Examples from other parts of the city include the conversion of the “Entertainment District” to a residential area and almost any neighbourhood where condos have been built close to a slaughterhouse or other industrial area. If the City of Toronto mapped out where building orders occur, they are in concentrated in the areas with higher and mixed-incomes – the gentrified and the gentrifying areas of the city.

What under lies all these is fear. People don’t want to lose what they have.

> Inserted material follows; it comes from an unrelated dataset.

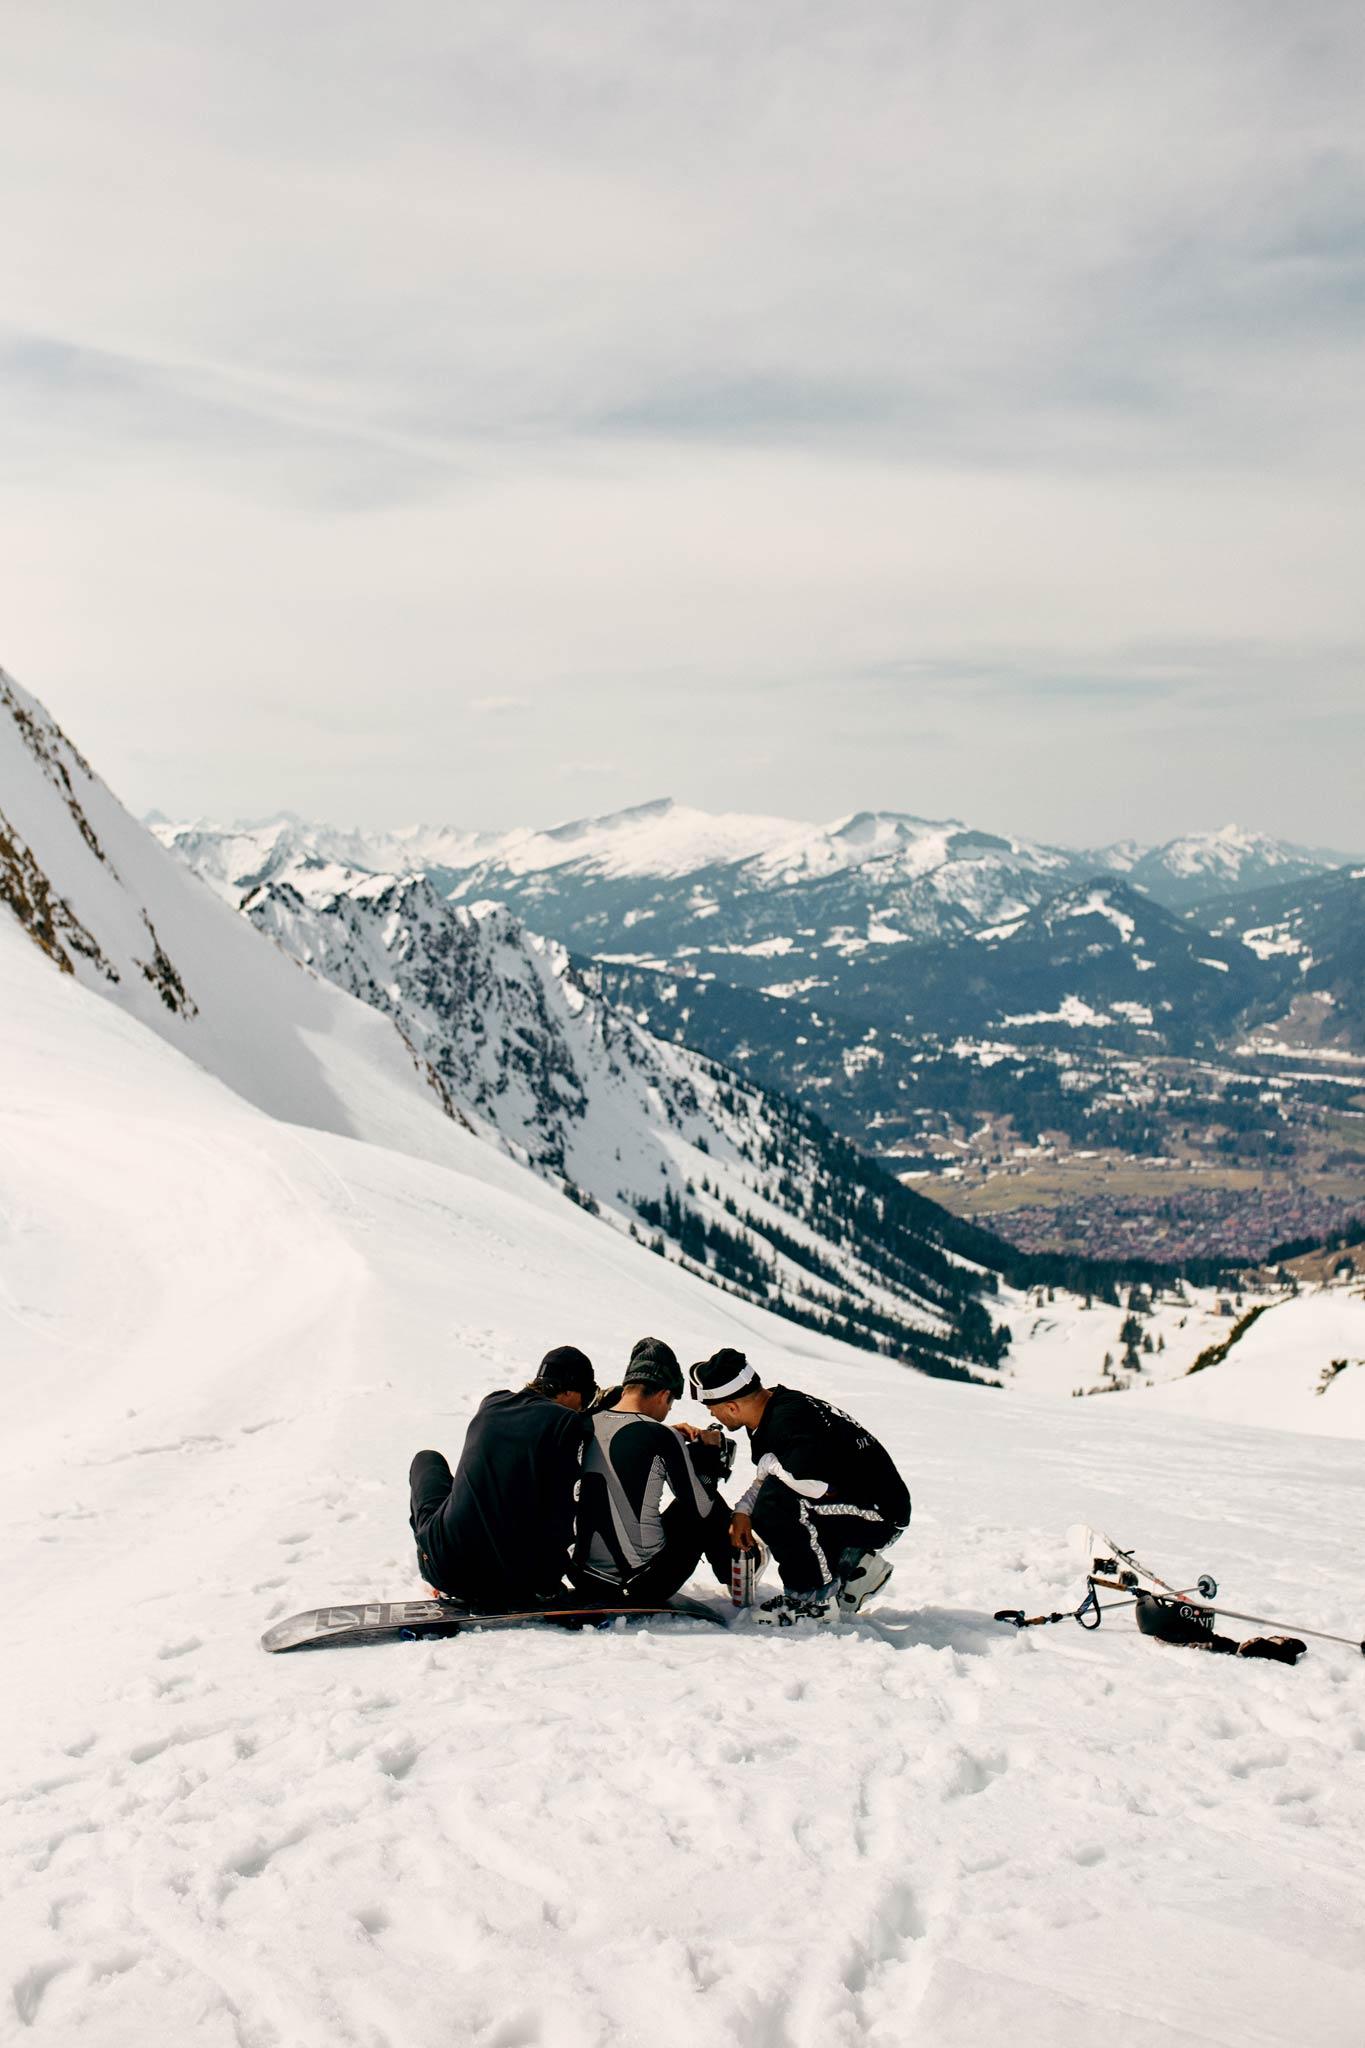 Nicht nur der Arlberg eignet sich für Backcountry Shootings. - Foto: Marco Freudenreich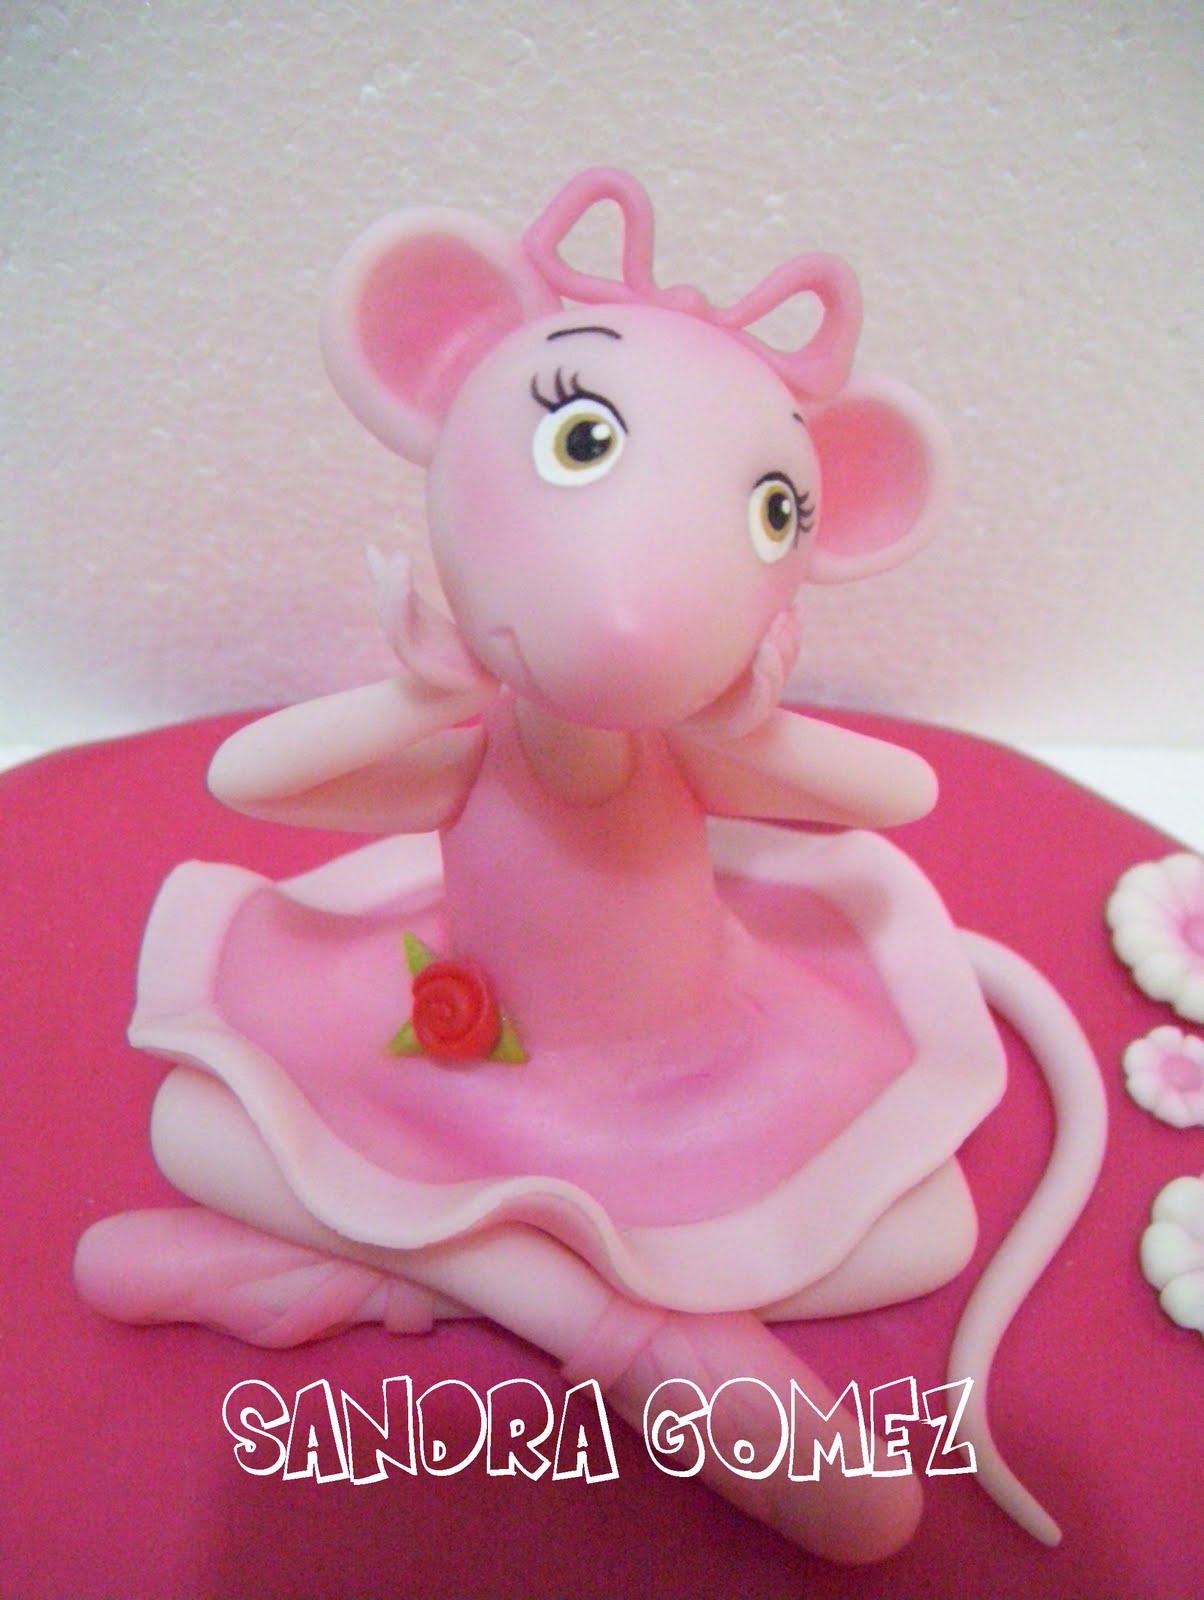 ... de tortas de angelina ballerina es una serie de dibujos animados

When people (re-)act from a fearful place, any larger vision gets lost.

But the reality that the neighbourhoods with the highest complaints are not the places with the most problems, but rather places with the most privilege. These are the neighbourhoods where the “sharp elbows of the middle class” claim the resources seen to be due to them.

Flawed as the Priority Neighbourhood Areas were, what they did do effectively was to re-focus resources away from the noisiest, squeakiest parts of the city, to areas that hadn’t had any attention for a very long time. This leveling of the playing field probably led to some of the strongest critiques of the mayor, David Miller, that he had let things slide in the areas where, frankly, people are more likely to vote.

Instead, the Strong Neighbourhood strategy has evened some things out. The new Community Partnership Strategy is also building an evidence base so that neighbourhood comparisons can be done more accurately.

These strategies show we are a more generous city than these other NIMBY stories tell about us. When given a chance, we can dream of a common good.

But, until we Torontonians see our backyard as the entire city, inequality will continue to split neighbourhoods, into “good” and “bad’ places to live, into places where we fight each other.